At the end of each working day, highway police must report the total amount of time spent performing certain tasks. During one 8-hour shift, an officer spent 30 minutes aiding vehicles in distress, 1 3 over 4 hours at the scene of an accident, and 2 hours and 25 minutes writing tickets. How much time did the officer spend doing these tasks?
Select the correct answer.
Question 1 options:
4 fraction numerator 2 over denominator 3 end fraction hours
4 fraction numerator 1 over denominator 3 end fraction hours
4 fraction numerator 1 over denominator 2 end fraction hours
To find the total amount of time spent on these tasks, we need to add the time spent aiding vehicles in distress, the time spent at the scene of an accident, and the time spent writing tickets.
Converting the time spent at the scene of an accident from mixed number to improper fraction:
1 3/4 = 4/4 + 3/4 = 7/4
Converting the time spent writing tickets to an improper fraction:
2 hours and 25 minutes = 2 + 25/60 = 2 + 5/12 = 24/12 + 5/12 = 29/12
Now, adding the time spent on each task:
30 minutes = 30/60 = 1/2 hour
7/4 hours + 29/12 hours + 1/2 hour = (7/4 + 29/12 + 1/2) hours
To add the fractions, we need a common denominator, which is 12:
(7/4 + 29/12 + 1/2) hours = (21/12 + 29/12 + 6/12) hours = 56/12 hours
Simplifying the fraction:
56/12 = 4 and 2/3
Therefore, the total amount of time the officer spent on these tasks is 4 2/3 hours.
The correct answer is 4 fraction numerator 2 over denominator 3 end fraction hours.
To determine the total amount of time the officer spent doing these tasks, we need to add up the individual times.
The officer spent 30 minutes aiding vehicles in distress, which is equal to 30/60 = 1/2 hours.
The officer spent 1 3/4 hours at the scene of an accident. To add the whole numbers and fractions, we first convert the whole number to a fraction. 1 = 4/4. Then we add the fractions: 4/4 + 3/4 = 7/4 hours.
The officer spent 2 hours and 25 minutes writing tickets, which is equal to 2 + 25/60 = 2 + 5/12 = 29/12 hours.
To find the total time spent on these tasks, we add the three amounts:
1/2 hours + 7/4 hours + 29/12 hours.
To simplify the fractions, we need to find a common denominator. The common denominator for 2, 4, and 12 is 12.
1/2 hours can be rewritten as 6/12 hours.
7/4 hours can be rewritten as 21/12 hours.
29/12 hours stays the same.
Now we can add the fractions:
6/12 hours + 21/12 hours + 29/12 hours = 56/12 hours.
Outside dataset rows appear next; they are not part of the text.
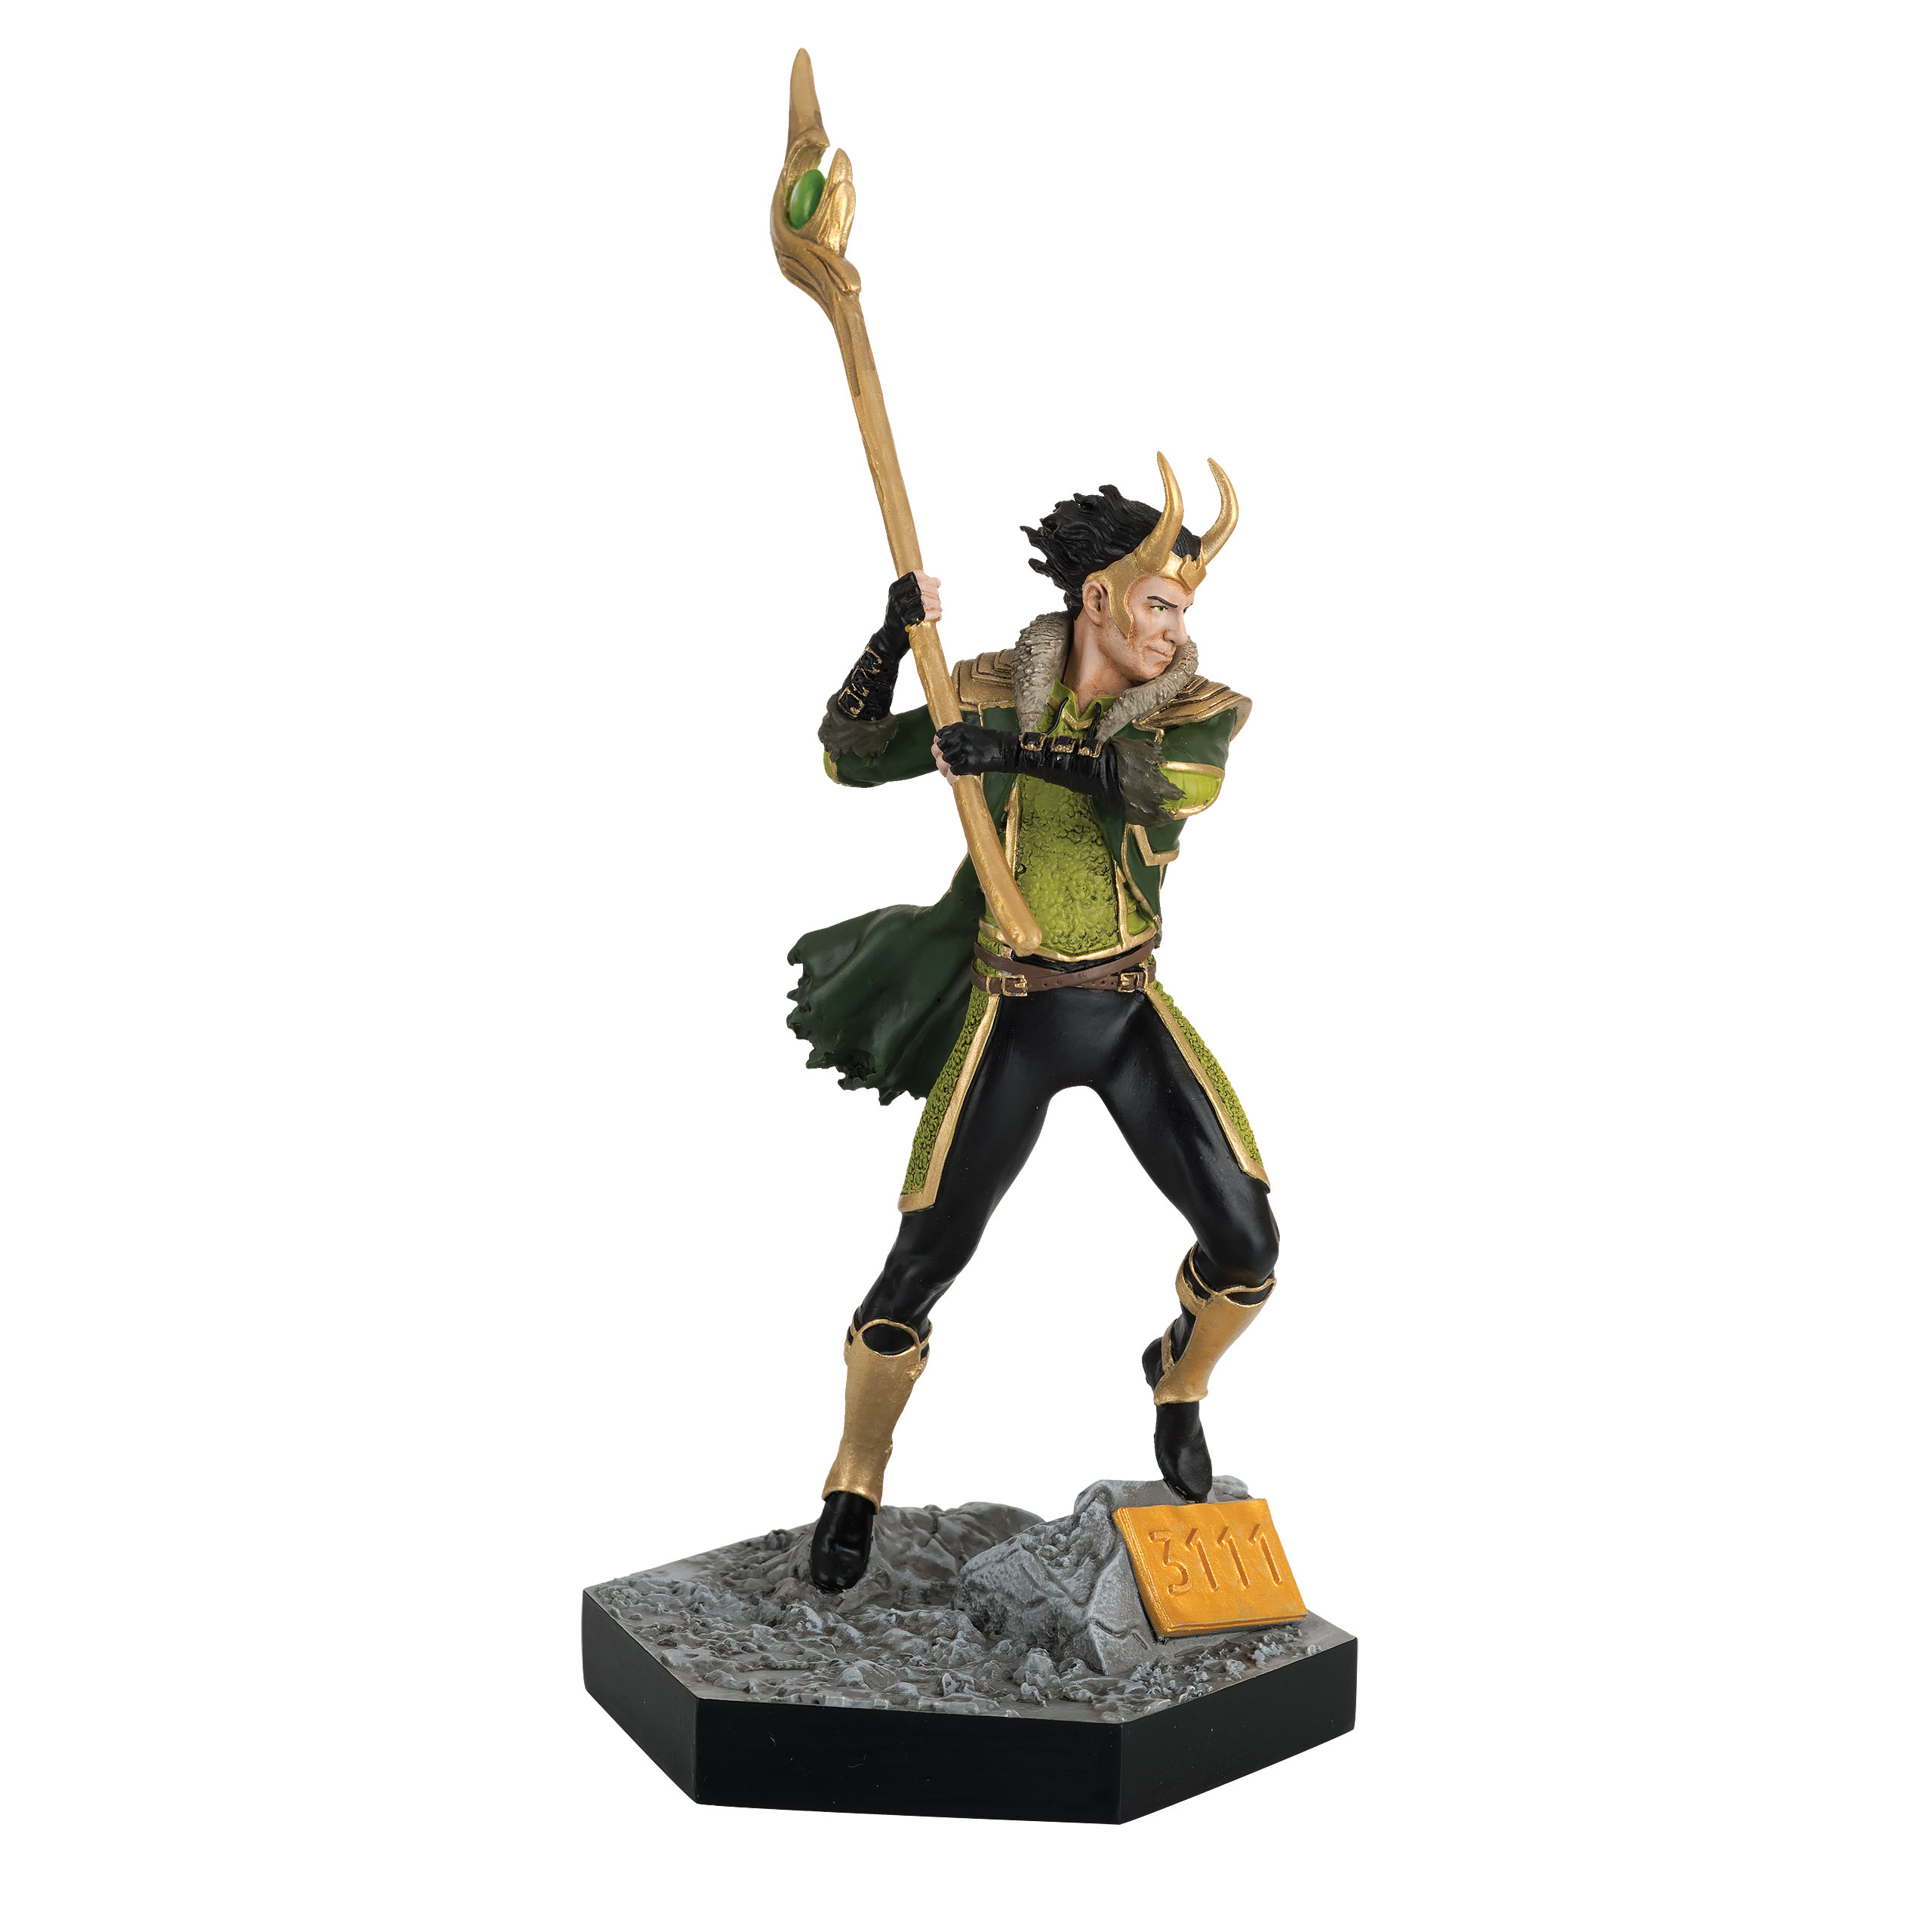 Marvel - Loki Figur Maßstab 1:16
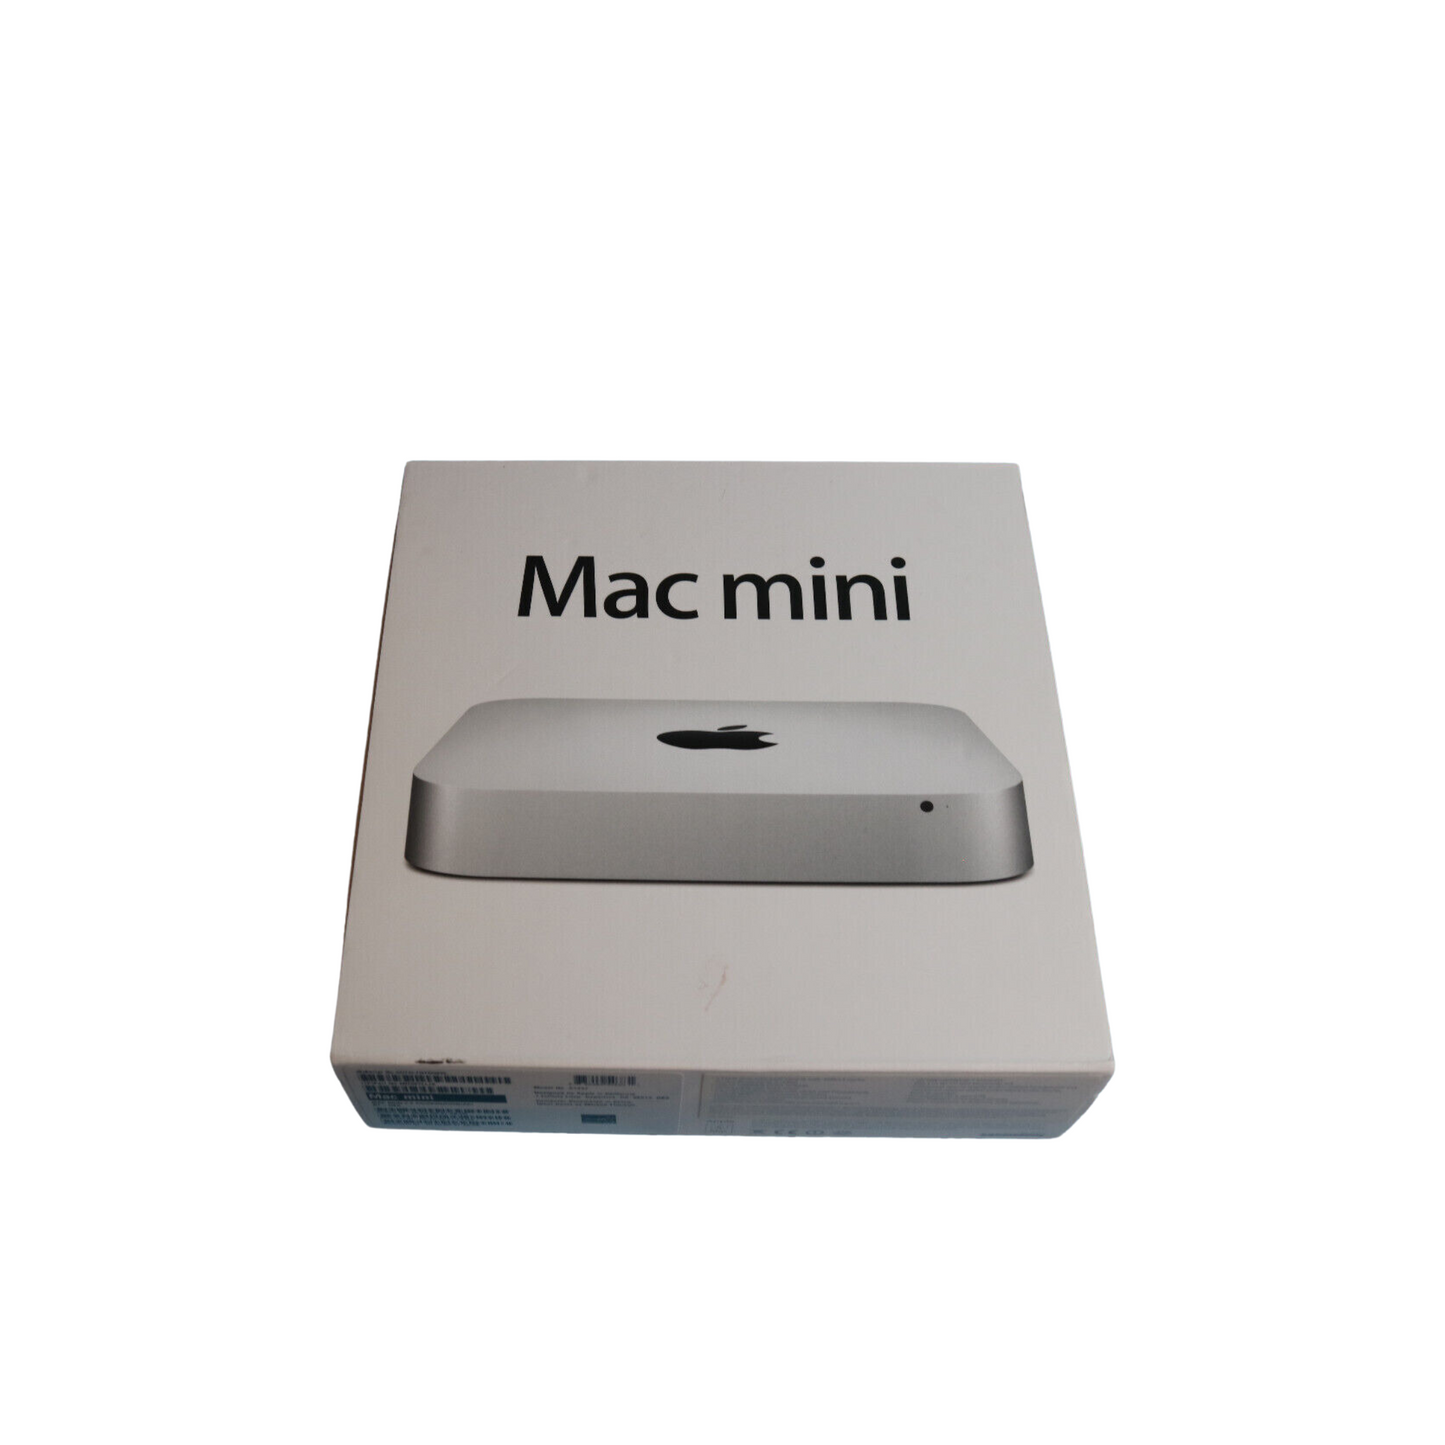 Apple Mac mini A1347 Desktop (October, 2012) - Customized
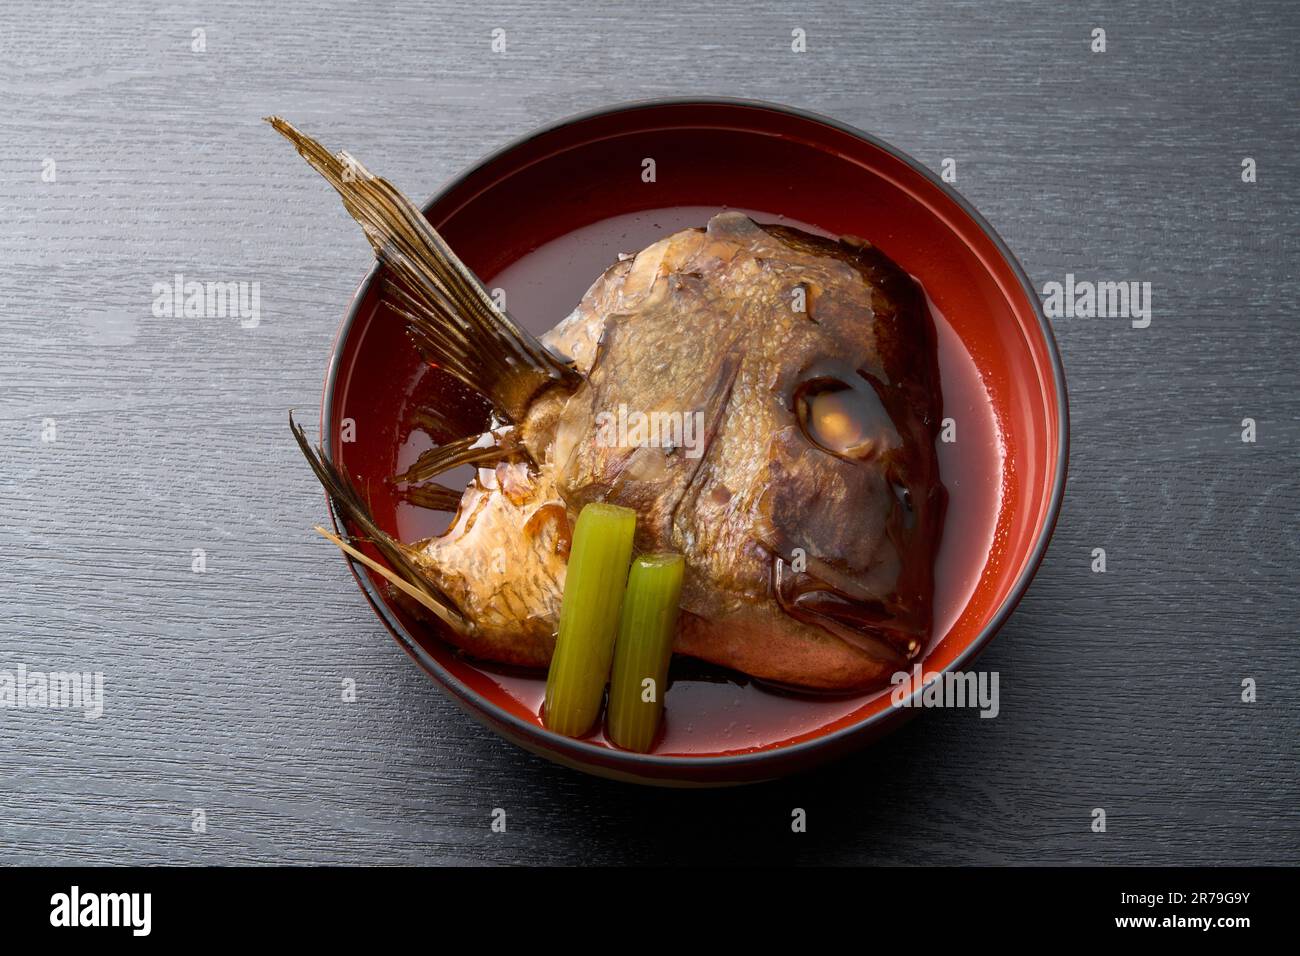 Japanisches Essen, gekochtes Meerbrassen-Köpfchen Stockfoto
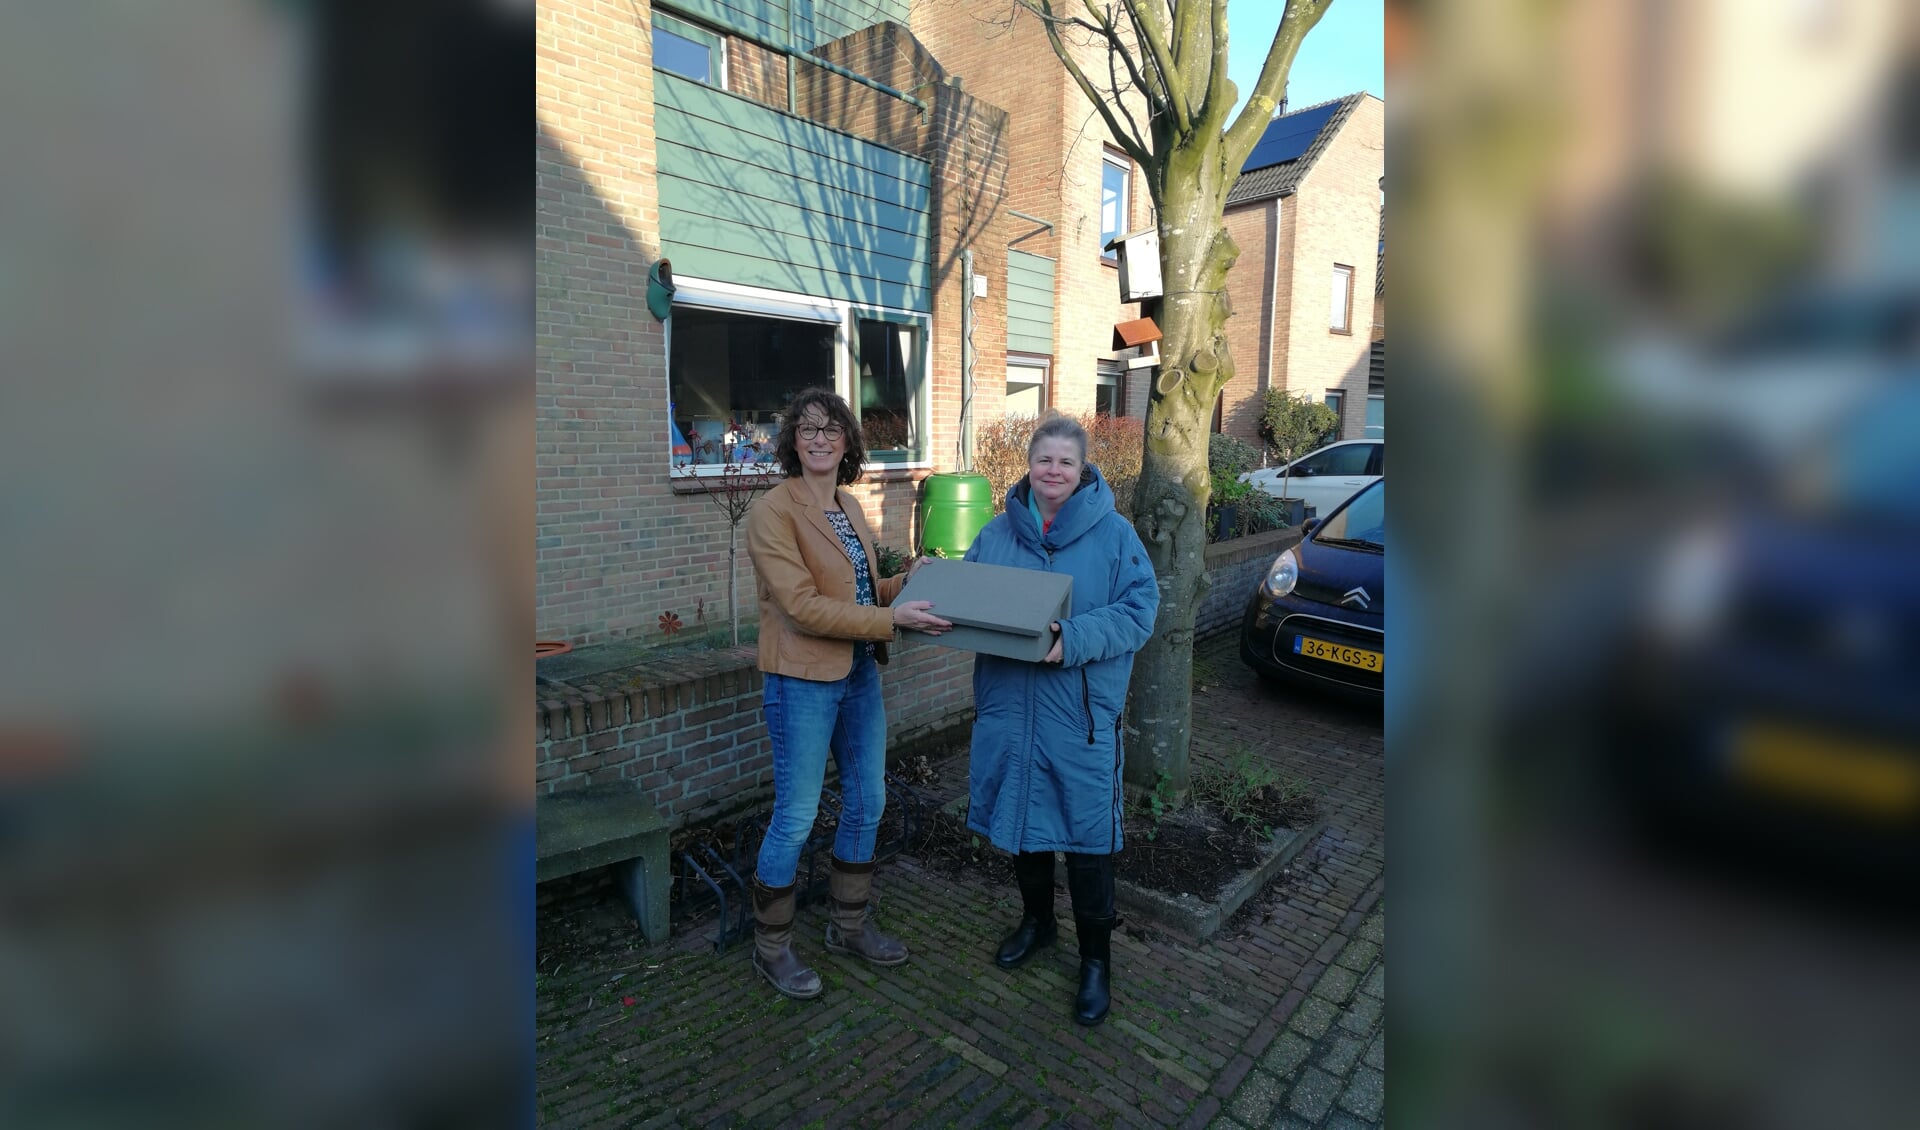 • De eerste gierzwaluwkast wordt overhandigd aan enthousiaste bewoners van de Molenwijk, Lonneke Klein-de Raadt, door Ellen Veth.

To simplify the fraction, we divide the numerator by the denominator:
56/12 ÷ 4/12 = 56/12 × 12/4 = 14/1 = 14 hours.
Therefore, the officer spent a total of 14 hours doing these tasks.
The correct answer is: 14 hours.
To find the total amount of time the officer spent on these tasks, we add the time spent aiding vehicles in distress (30 minutes), the time spent at the scene of an accident (1 3 over 4 hours), and the time spent writing tickets (2 hours and 25 minutes).
First, let's convert the time spent at the scene of an accident to a fraction of an hour.
1 3 over 4 hours can be converted to 1.75 hours (since 3 over 4 is the same as 0.75).
Now, let's convert the time spent writing tickets to a fraction of an hour.
2 hours and 25 minutes can be converted to 2.42 hours (since 25 minutes is the same as 0.42).
Now, add the time spent aiding vehicles in distress, the time spent at the scene of an accident, and the time spent writing tickets:
30 minutes + 1.75 hours + 2.42 hours = 4.17 hours
Therefore, the officer spent 4 fraction numerator 1 over denominator 2 end fraction hours doing these tasks.